Here's the complete breakdown.
The mental model
CLAUDE.md = Claude's brain
settings.json = Claude's permissions
CLAUDE.md is natural language. You write instructions, context, constraints, and preferences. Claude reads it like a colleague reads a briefing doc.
settings.json is machine config. It controls what tools Claude is allowed to use, what commands it can run, what it's blocked from doing.
What CLAUDE.md controls
# Project context
This is a Next.js 14 app using Prisma + PostgreSQL.
# Architecture decisions
- All API routes live in /app/api/
- Database models are in /prisma/schema.prisma
- Never create new /pages/ routes — we're on App Router
# Code style
- TypeScript strict mode always on
- Prefer async/await over .then() chains
- Use Zod for all input validation
# Response format
- Give me code first, explanation after
- Skip obvious comments — I can read the code
- When suggesting a fix, show the before AND after
Things that belong in CLAUDE.md:
- Tech stack and architecture
- Coding conventions and style preferences
- Business domain context (what the app does, who uses it)

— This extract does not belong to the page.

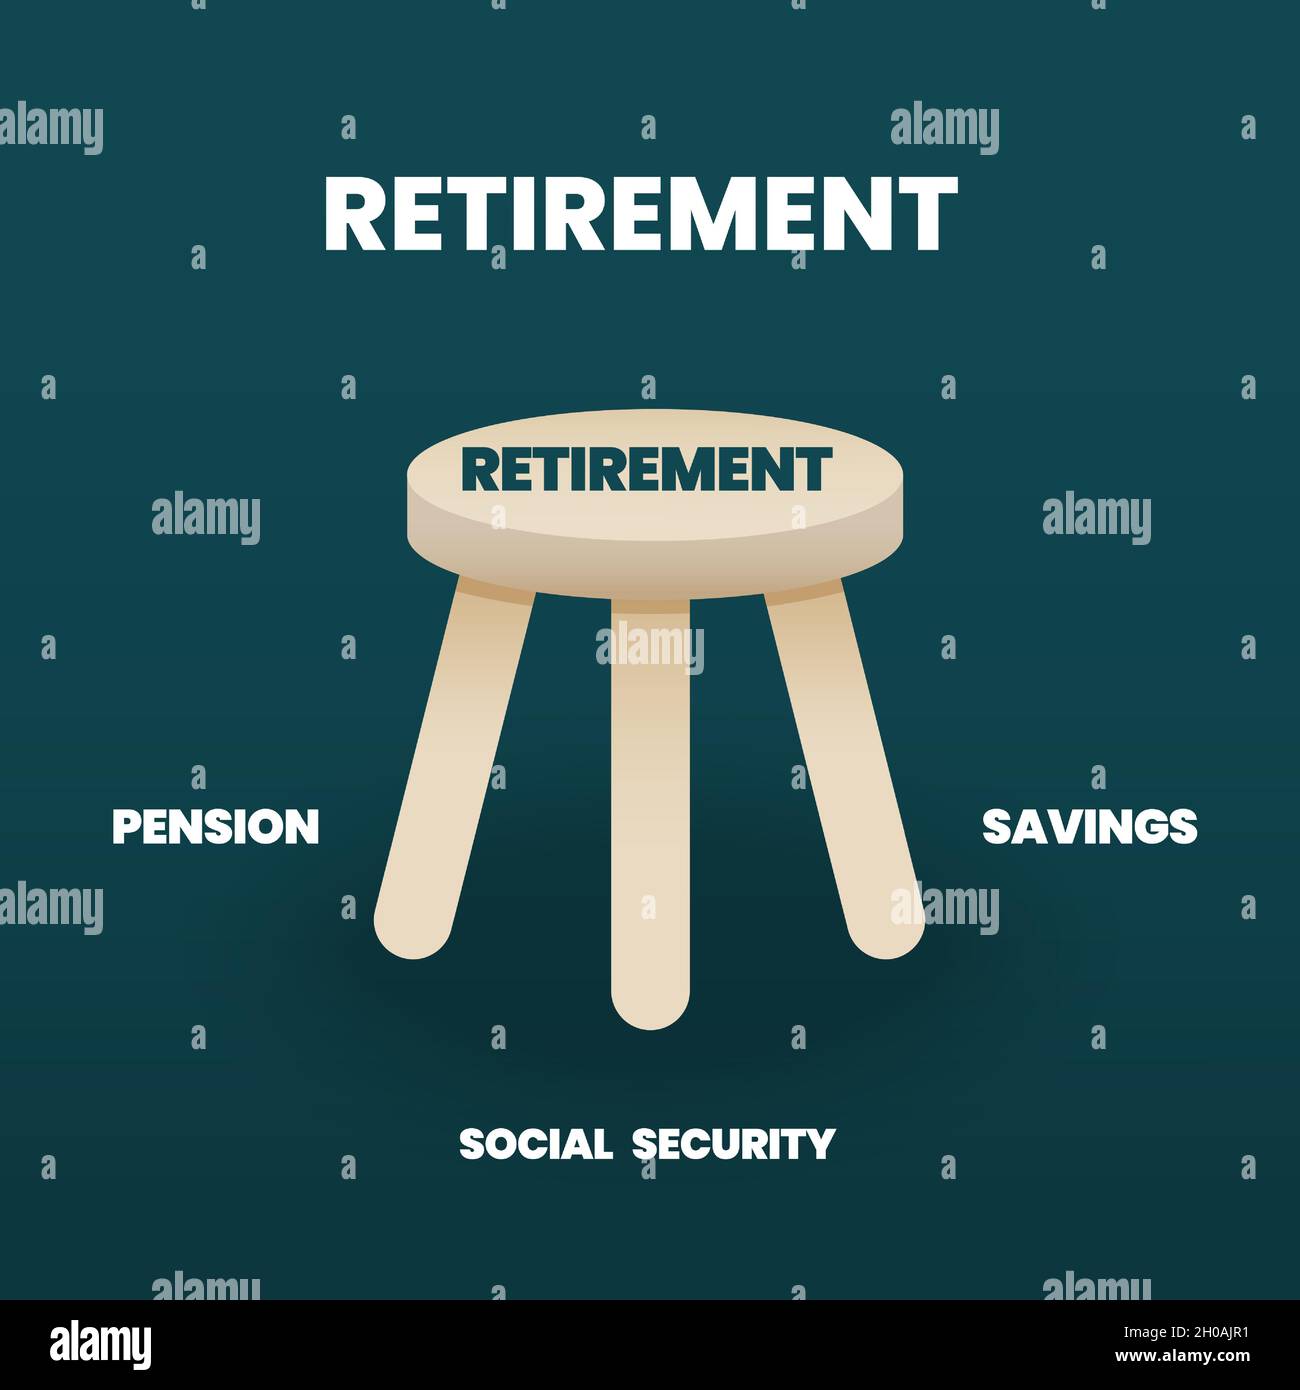 Le concept de retraite est un diagramme pour analyser la préparation d'une société vieillissante. Le tabouret à trois pattes a une pension, une épargne et une sécurité sociale Illustration de Vecteur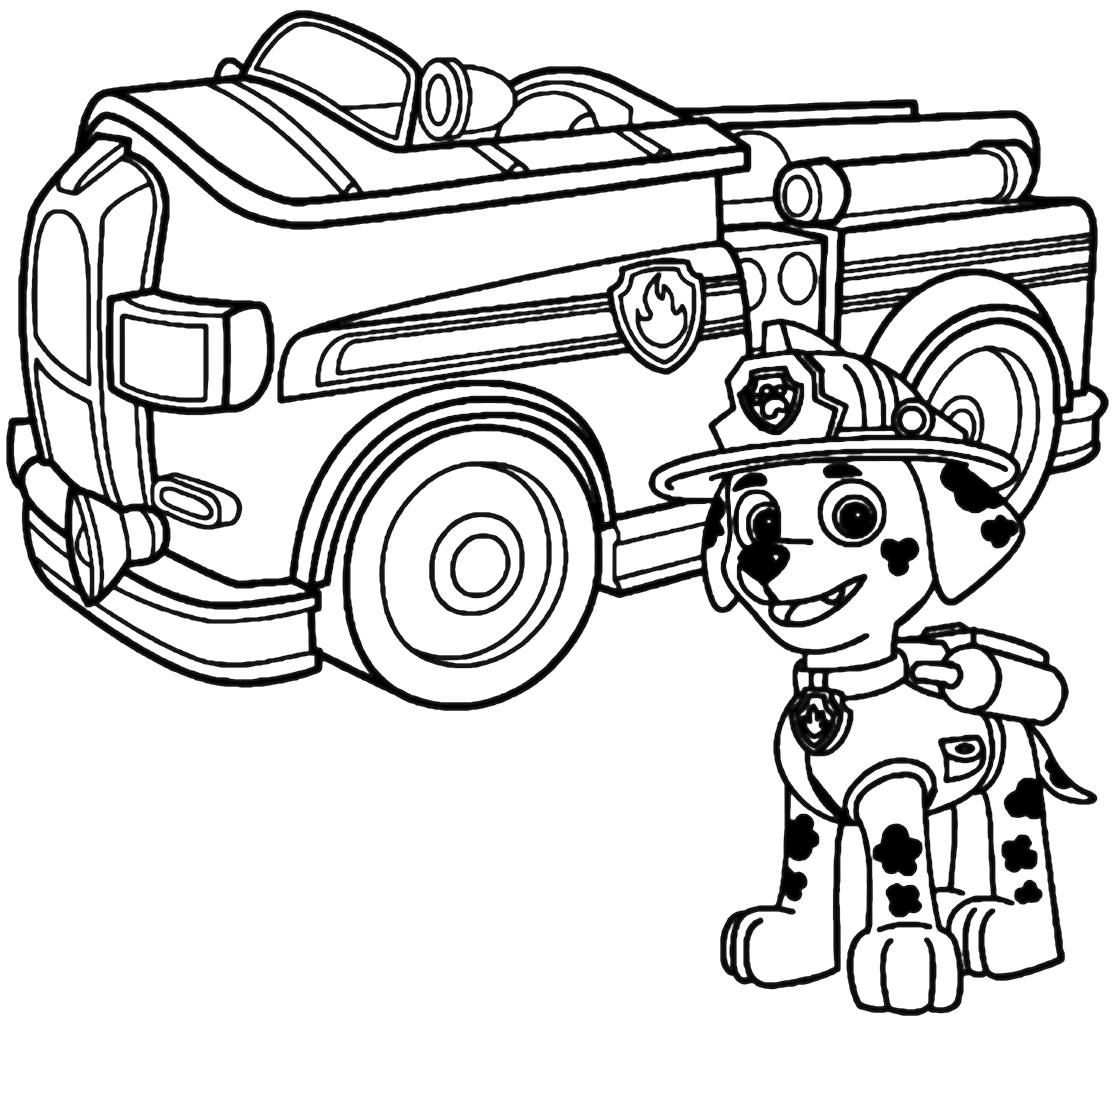 Pagina da colorare di Paw Patrol Marshall con camion dei pompieri

- Response format preferences
- Things to always/never do
- Commands to run for common tasks
What settings.json controls
{
"permissions": {
"allow": [
"Bash(npm run *)",
"Bash(git add:*)",
"Bash(git commit:*)",
"Bash(cat:*)",
"Bash(grep:*)",
"Bash(find:*)"
],
"deny": [
"Bash(rm -rf *)",
"Bash(git push:*)",
"Bash(curl:*)",
"WebFetch"
]
}
}
Things that belong in settings.json:
- Which bash commands Claude can run without asking
- Which tools are blocked entirely
- Auto-approve settings for trusted operations
- Model preferences (if you're on Pro)
The key difference: CLAUDE.md is read, settings.json is enforced
Claude can choose to ignore something in CLAUDE.md if it thinks it knows better. (It shouldn't, but it can.) Settings.json is a hard fence — Claude literally cannot execute a command that's in the deny list.
This is why:
- Style preferences go in CLAUDE.md — you want Claude to understand and apply them, not be mechanically blocked
- Safety constraints go in settings.json — you want actual enforcement, not suggestions
Real-world example: preventing accidental deploys
Wrong approach — putting it in CLAUDE.md:
# IMPORTANT
Never run `git push` or deployment commands without asking me first.
Claude will try to follow this. But if it's confident a push is needed, it might do it anyway.
Right approach — settings.json:
{
"permissions": {
"deny": [
"Bash(git push:*)",
"Bash(npm run deploy:*)",
"Bash(vercel:*)"
]
}
}
Now it's impossible, not just discouraged.
Real-world example: project conventions
Wrong approach — trying to encode this in settings.json: You can't. Settings.json doesn't support natural language rules.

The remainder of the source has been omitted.